Supplied entries:
────────────────────
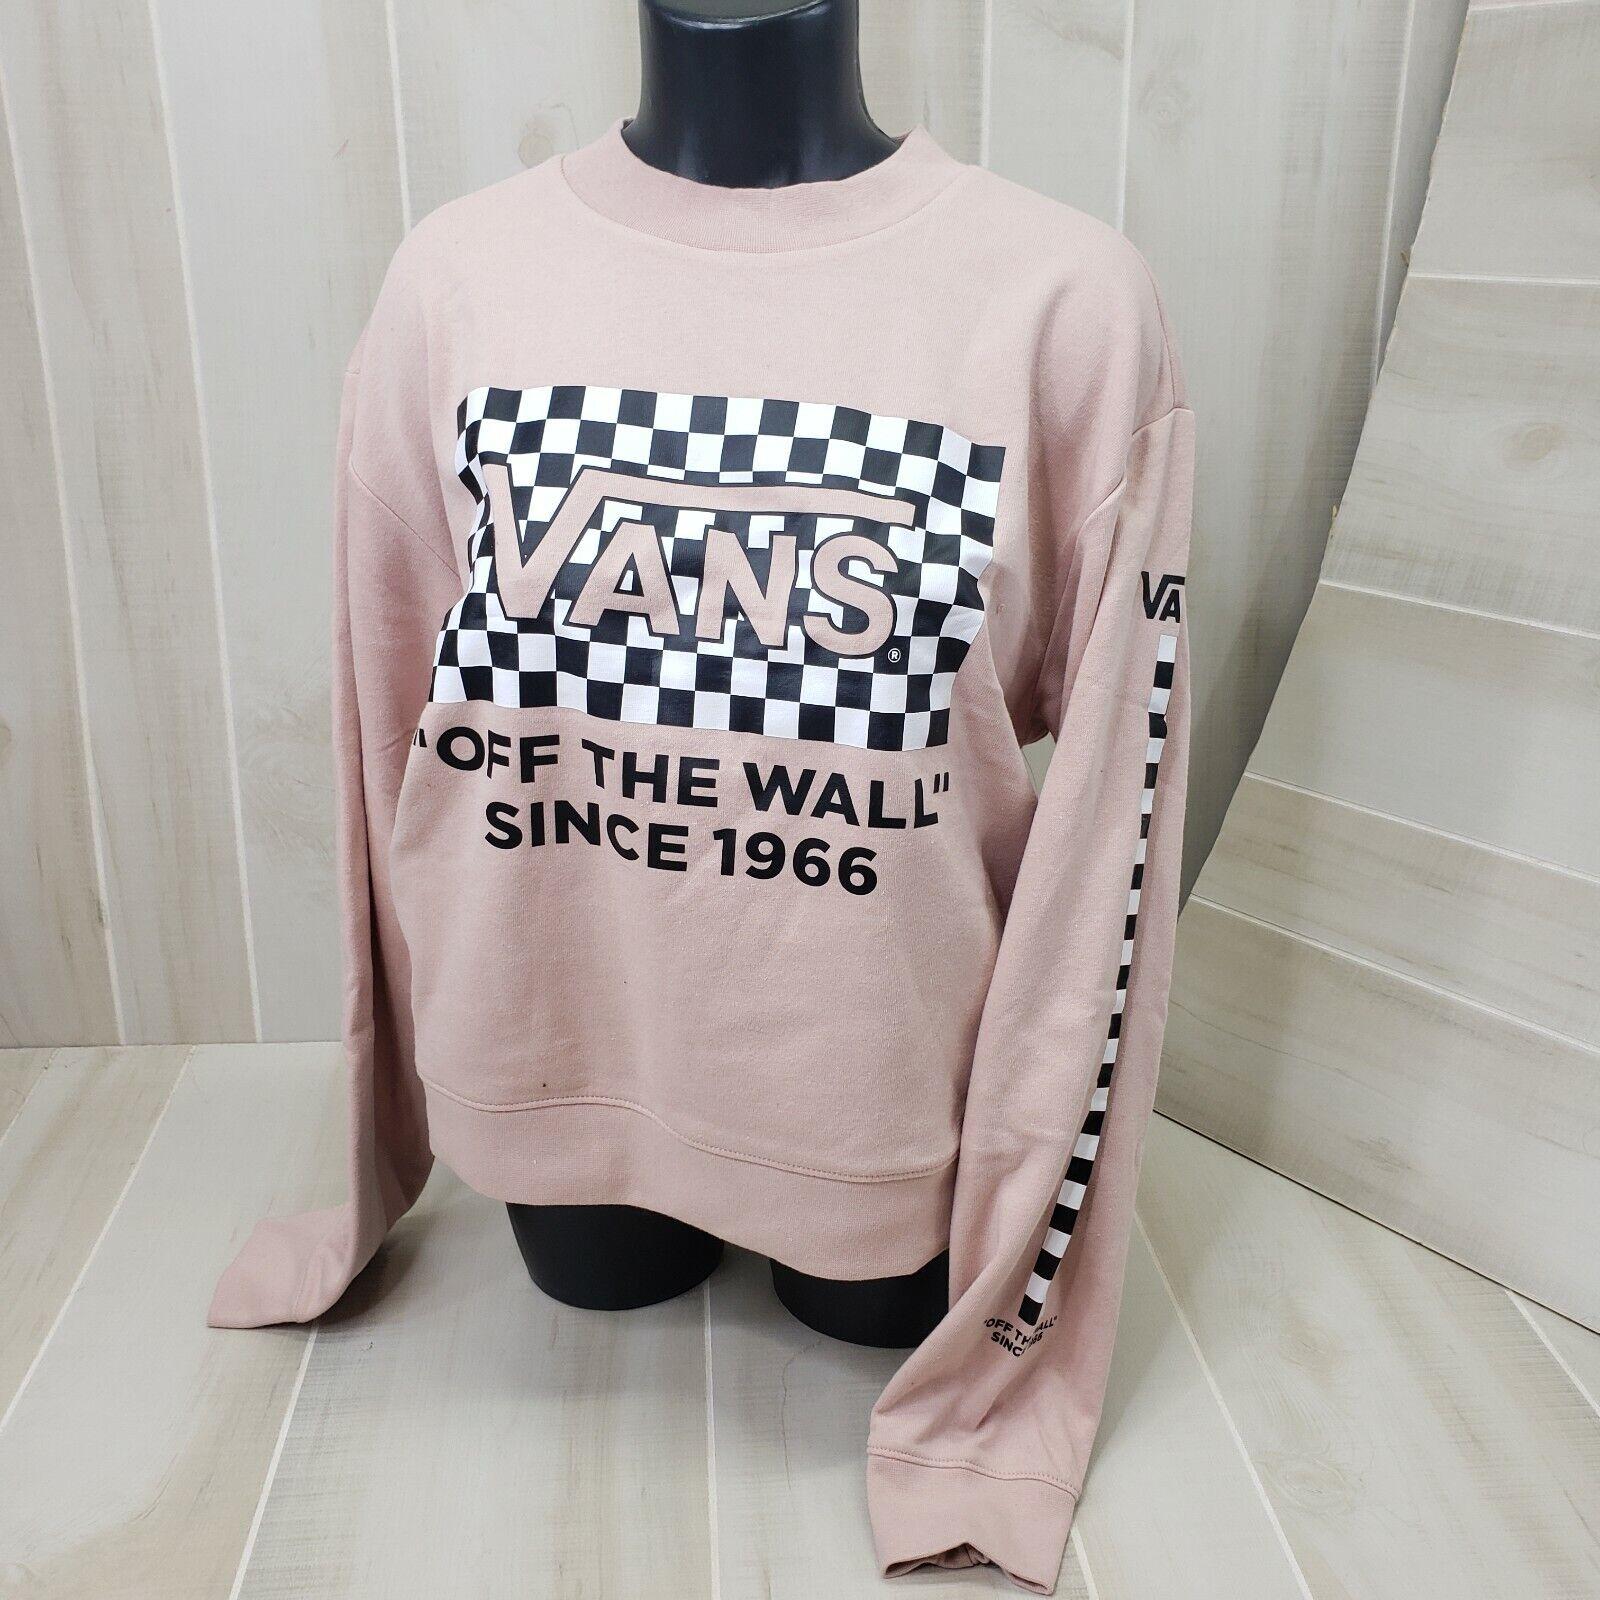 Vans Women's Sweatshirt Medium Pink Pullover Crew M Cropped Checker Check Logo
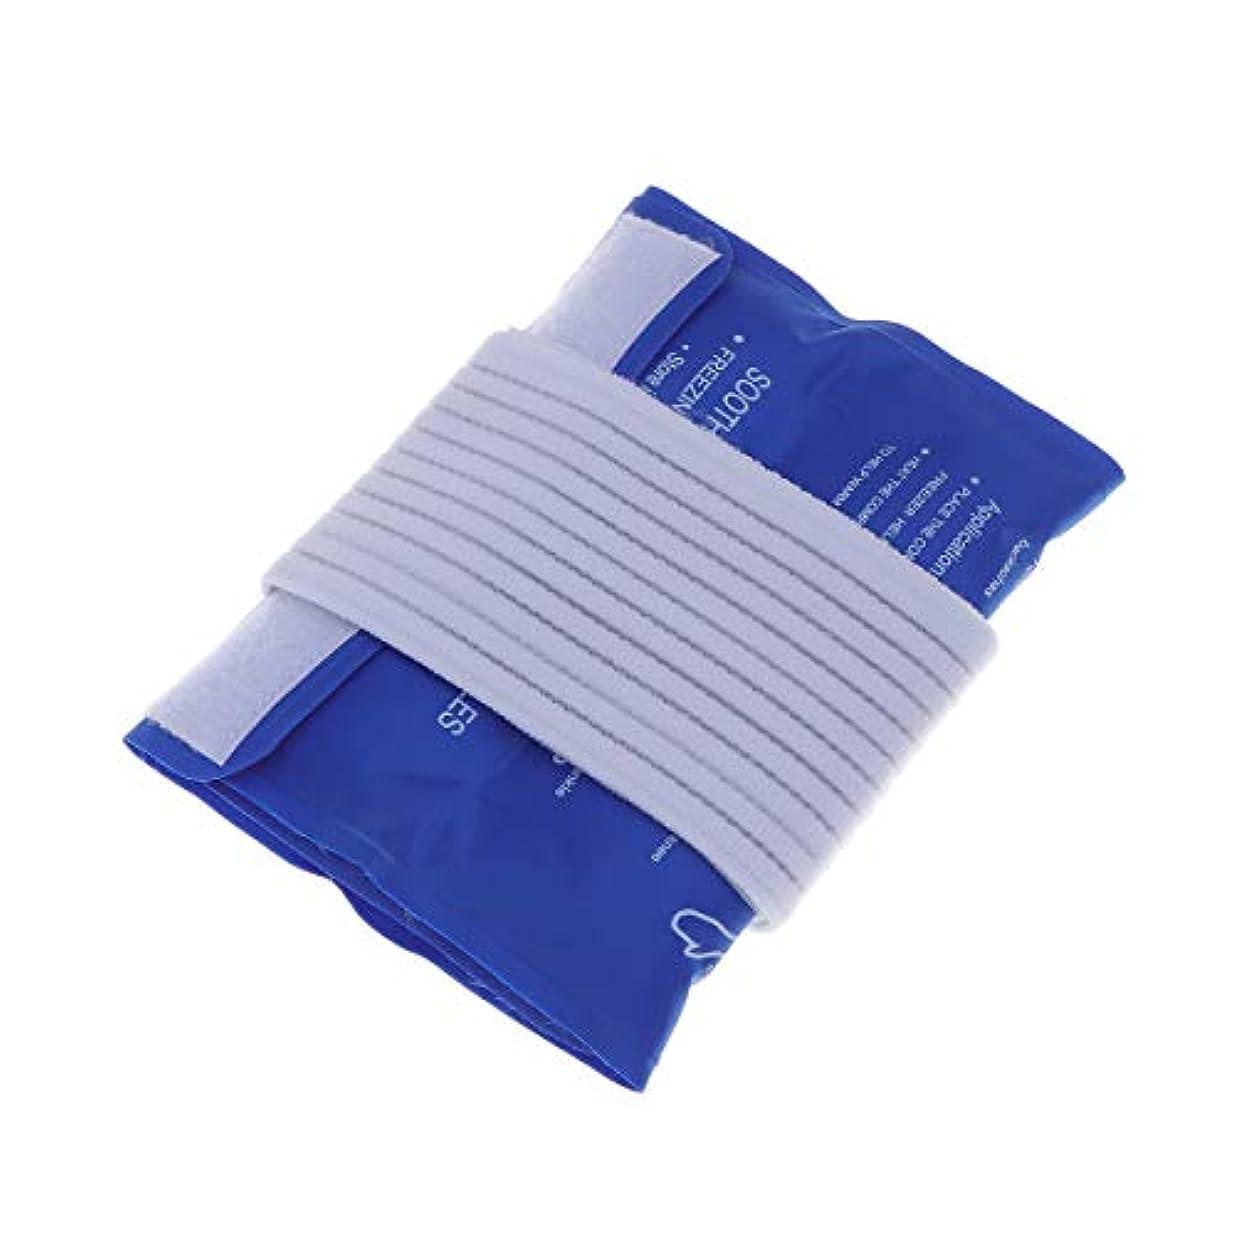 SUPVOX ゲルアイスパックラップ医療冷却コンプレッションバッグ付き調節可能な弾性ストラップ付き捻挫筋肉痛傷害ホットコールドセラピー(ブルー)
────────────────────
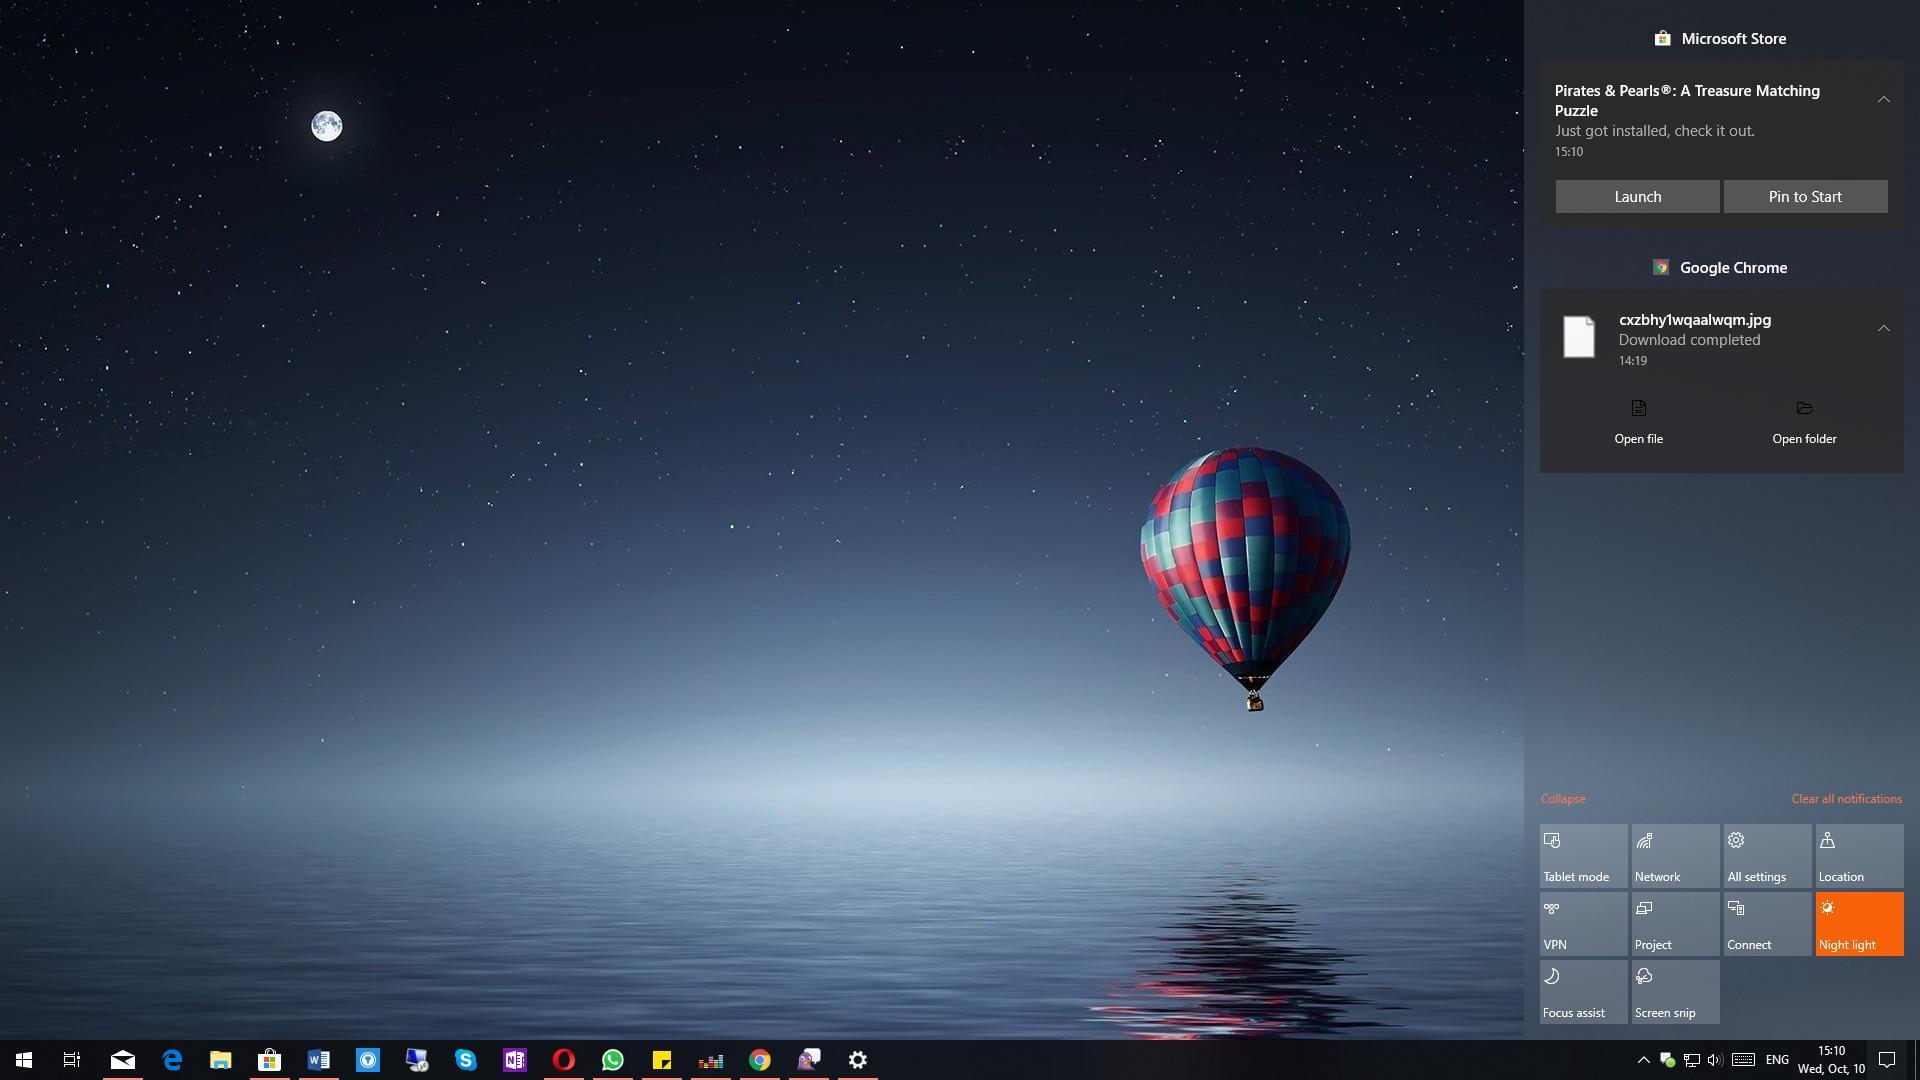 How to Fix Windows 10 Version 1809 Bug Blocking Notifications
────────────────────
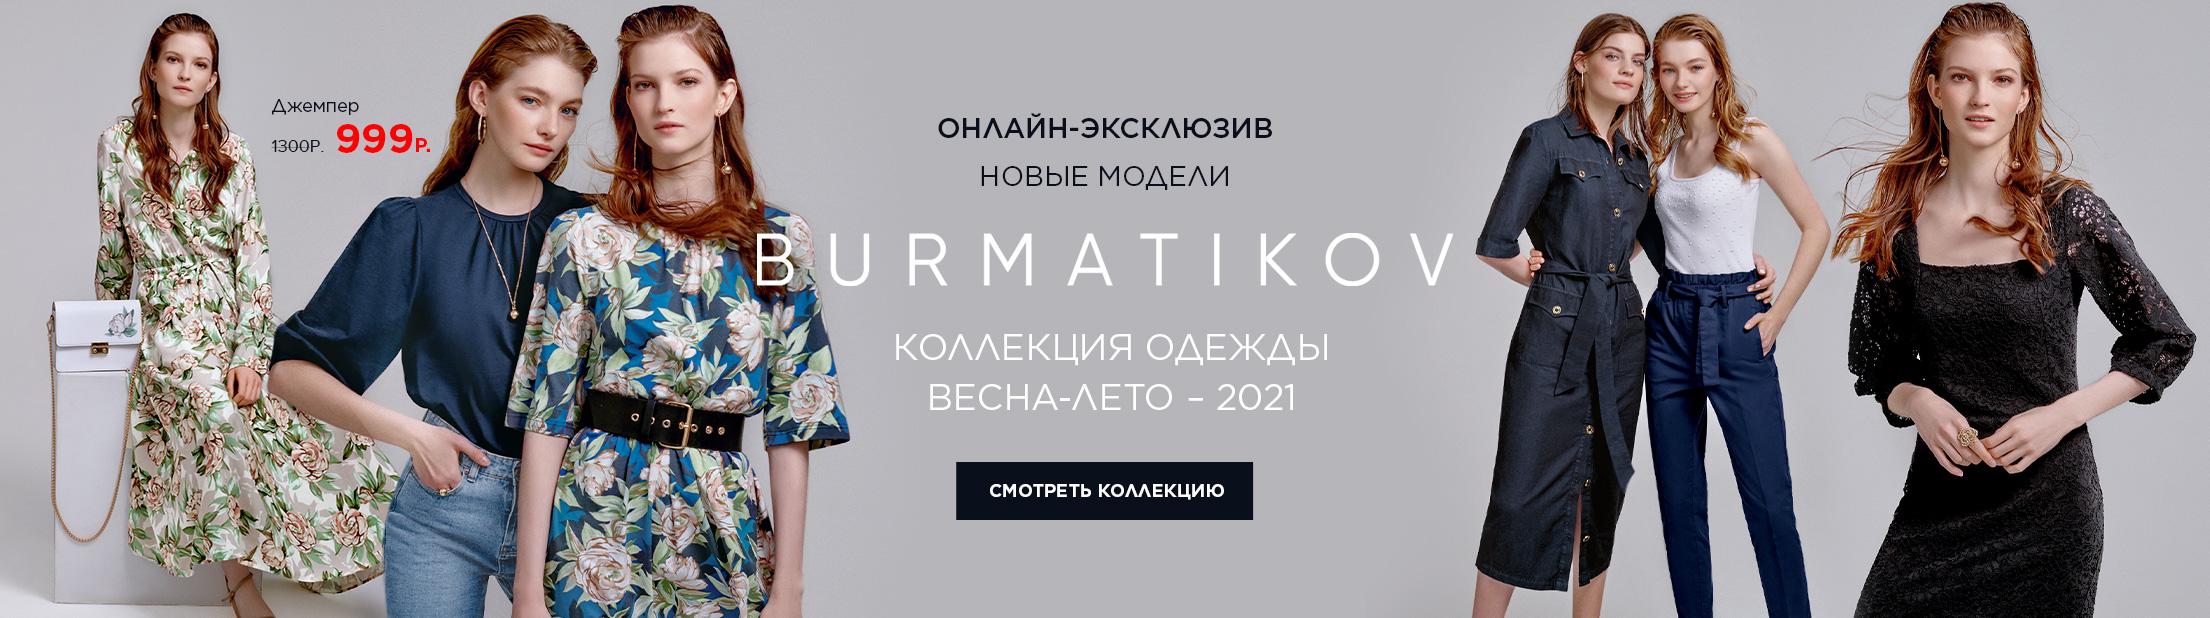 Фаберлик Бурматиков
────────────────────
Exercise details:
In the listing above, find the line with "Vans Women's Sweatshirt" and the line with "SUPVOX ゲルアイスパッ". Copy both of them and every line between, exactly, but not the pictures.

Solution to this task:
 Vans Women's Sweatshirt Medium Pink Pullover Crew M Cropped Checker Check Logo
 SUPVOX ゲルアイスパックラップ医療冷却コンプレッションバッグ付き調節可能な弾性ストラップ付き捻挫筋肉痛傷害ホットコールドセラピー(ブルー)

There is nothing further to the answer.